Yaitu, menerima sumbangan ‘telur maulid’ dari keluarga non muslim, kata Bendahara PW PMII, Muhammad Safri. Peristiwa sederhana ini menjadi pesan kuat bahwa keberagaman agama tidak menghalangi masyarakat untuk saling membantu, bergotong royong, dan membangun persaudaraan kemanusiaan.
PW IKA PMII Sulteng memandang keterlibatan warga non-Muslim tersebut sebagai gambaran nyata kehidupan sosial masyarakat Sulawesi Tengah yang menjunjung tinggi toleransi.

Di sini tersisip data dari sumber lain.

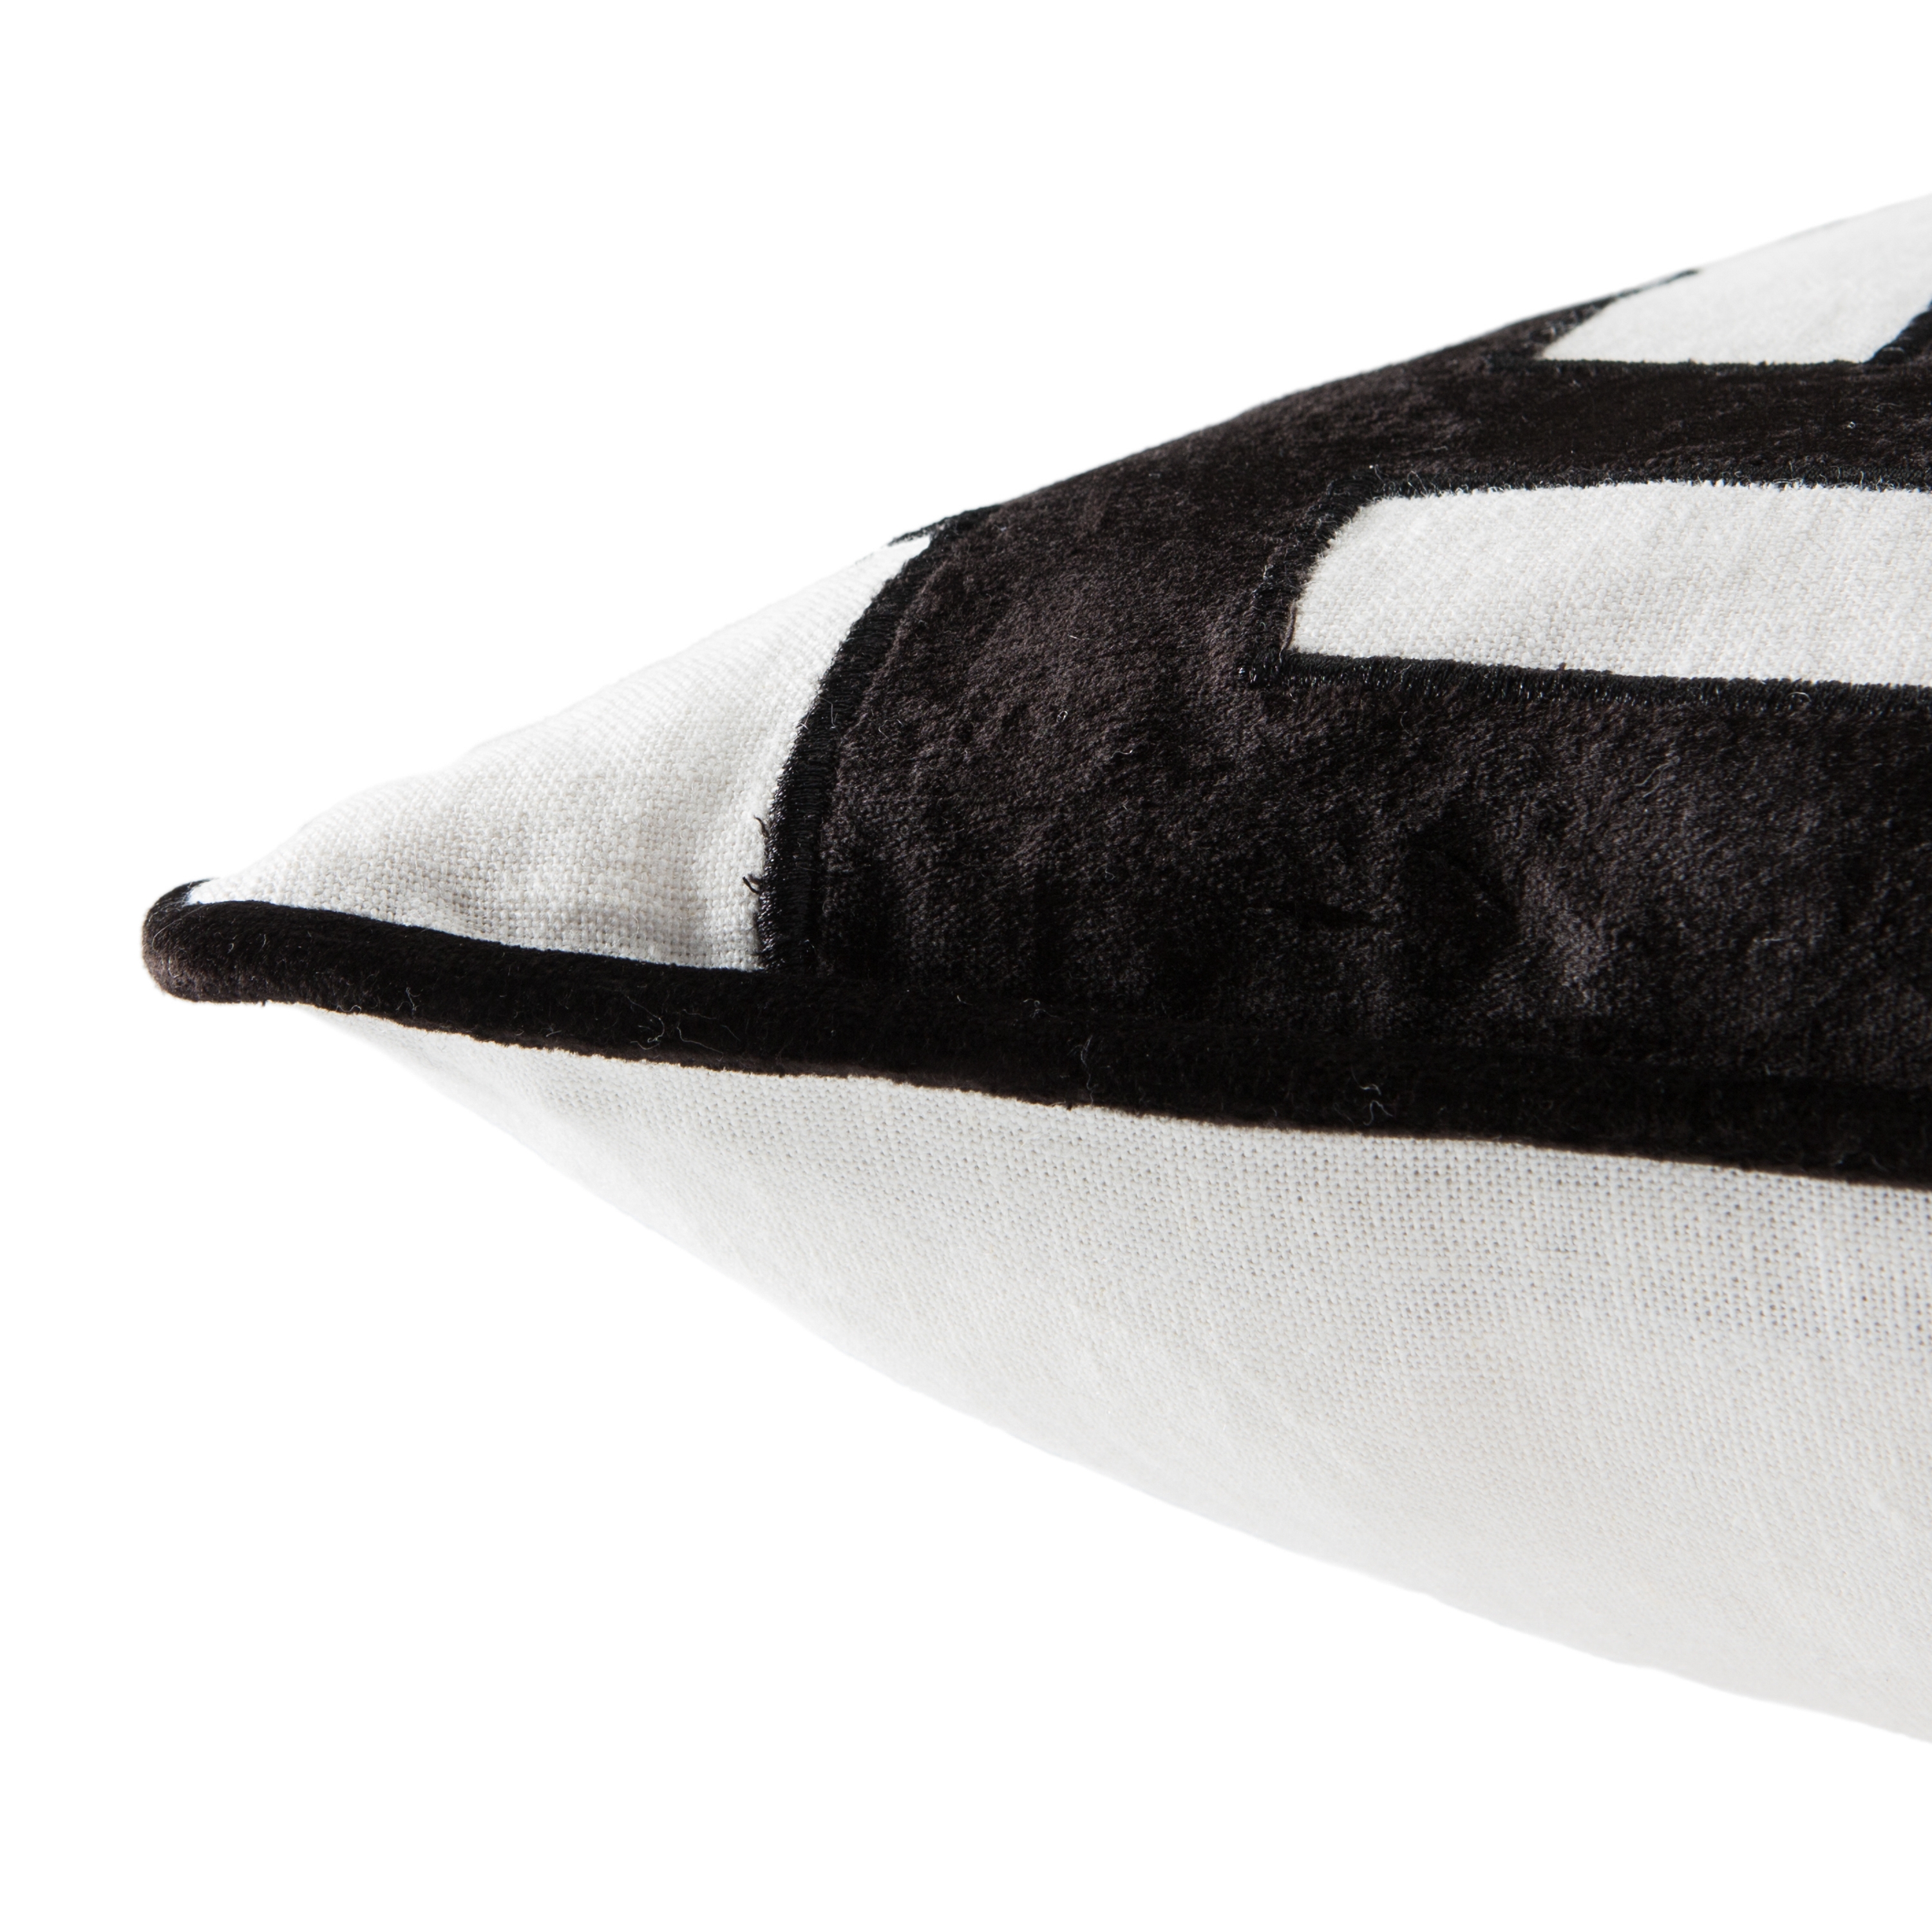 Design (US) White 22"X22" Pillow - Image 2

“Telur Maulid yang disiapkan oleh saudara-saudara kita yang non-Muslim adalah simbol bahwa perbedaan keyakinan tidak menghalangi kita untuk saling menghormati, saling membantu dan bergotong royong. Inilah wajah kebangsaan yang ingin kita rawat,” ujar Rahma.
Menurutnya, peringatan Maulid Nabi tidak semestinya berhenti pada seremoni keagamaan. Keteladanan Rasulullah SAW harus diterjemahkan ke dalam kehidupan sosial, terutama dalam membangun persaudaraan, menghormati perbedaan, menegakkan keadilan dan menciptakan kedamaian.

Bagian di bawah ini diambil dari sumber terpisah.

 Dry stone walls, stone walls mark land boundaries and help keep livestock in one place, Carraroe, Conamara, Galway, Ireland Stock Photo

Kehadiran Ketua PW Muhammadiyah Sulawesi Tengah dalam kegiatan tersebut juga memperkuat pesan bahwa silaturahim dan persatuan umat merupakan bagian penting dari tanggung jawab kebangsaan. Perbedaan organisasi, tradisi maupun corak pemikiran keislaman dapat ditempatkan dalam semangat yang sama untuk menjaga persatuan masyarakat.

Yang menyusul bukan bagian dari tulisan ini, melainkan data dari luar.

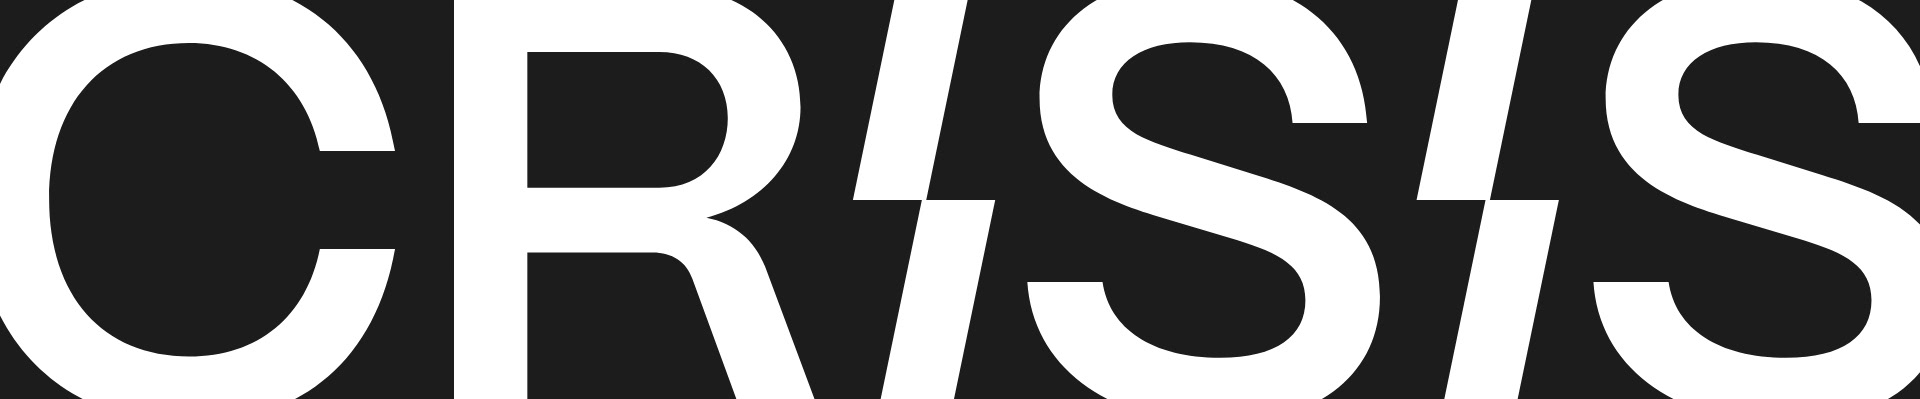 Crisis Design Studio のプロファイルバナー
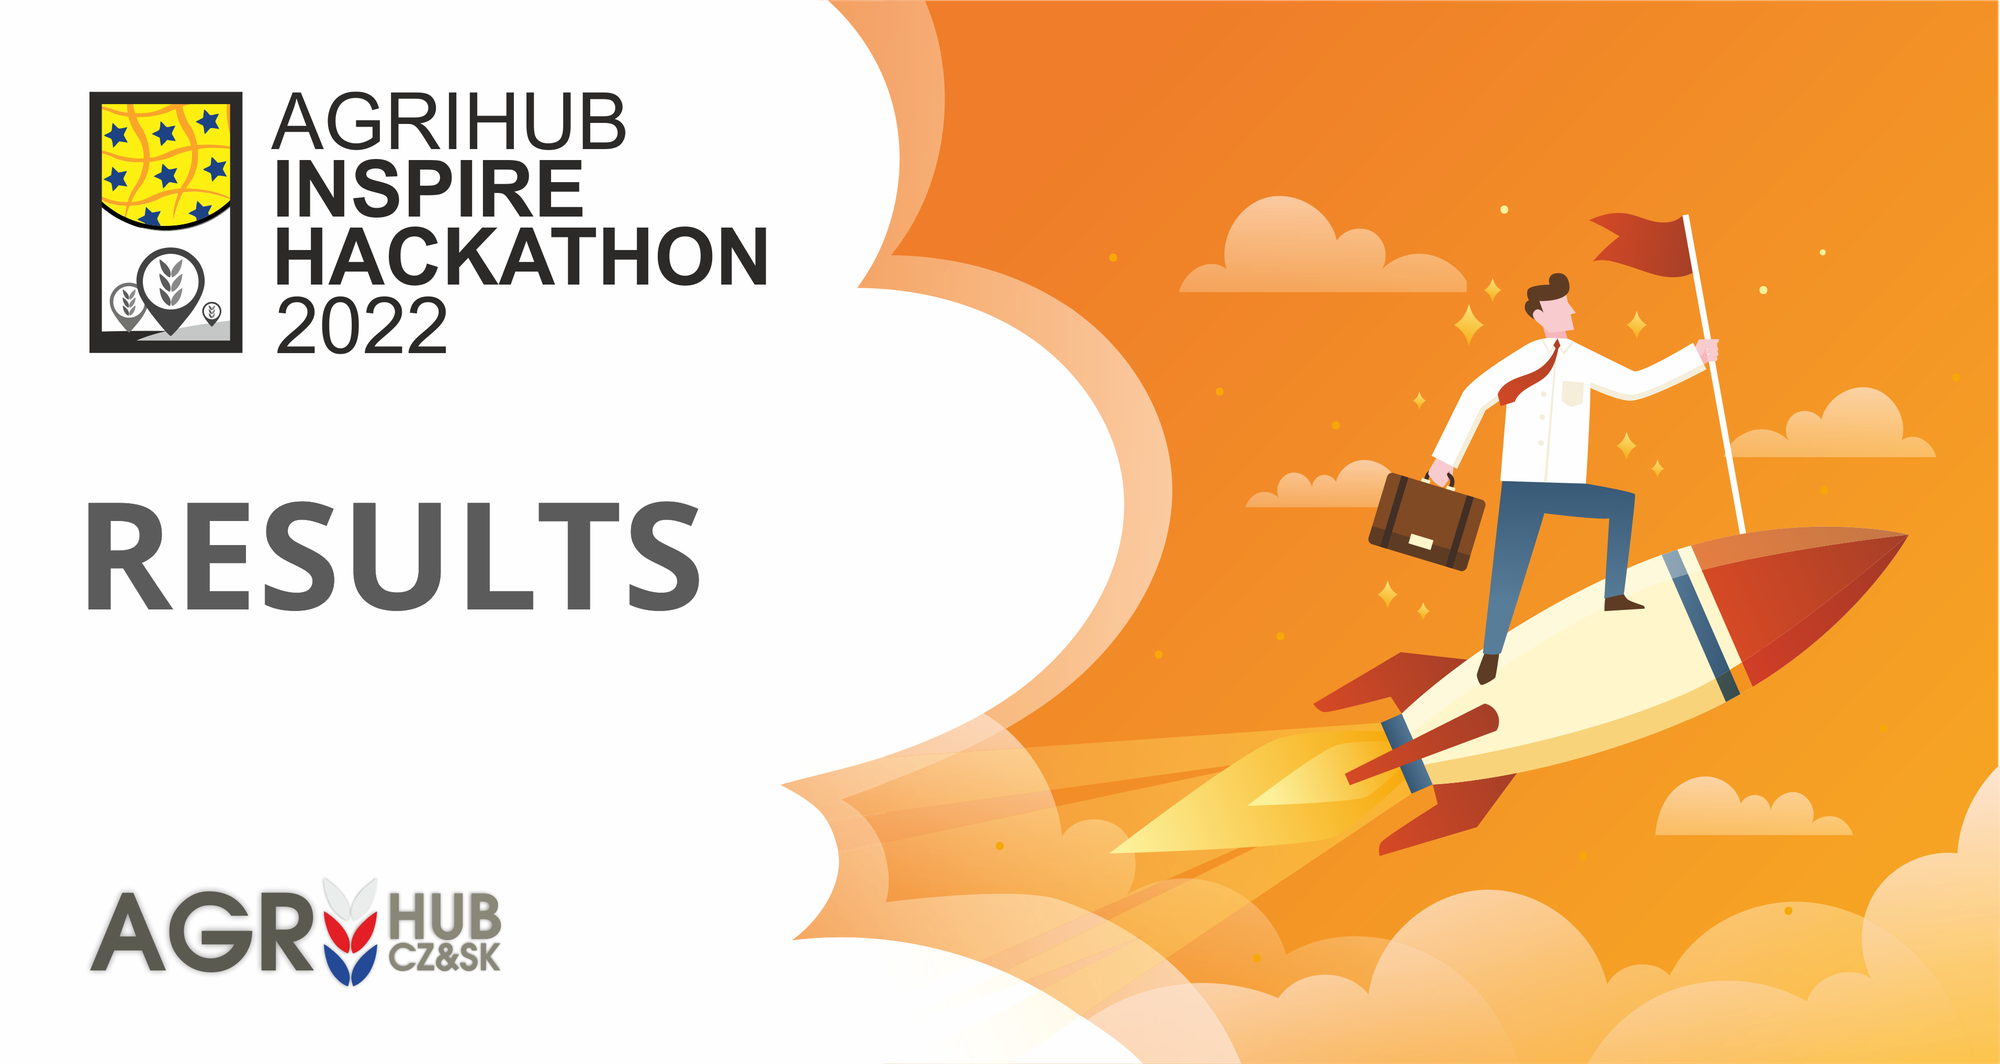 HUB4EVERYBODY won the Agrihub INSPIRE Hackathon 2022

“Kita boleh berbeda agama, berbeda organisasi dan berbeda latar belakang. Tetapi dalam kehidupan kebangsaan kita mempunyai tanggung jawab yang sama: menjaga persaudaraan, menjaga kedamaian dan menjaga Indonesia,” tegasnya.
Agama diharapkan tidak hanya hadir sebagai sumber nilai spiritual, tetapi juga sebagai kekuatan moral untuk memperkuat kemanusiaan, toleransi dan persatuan.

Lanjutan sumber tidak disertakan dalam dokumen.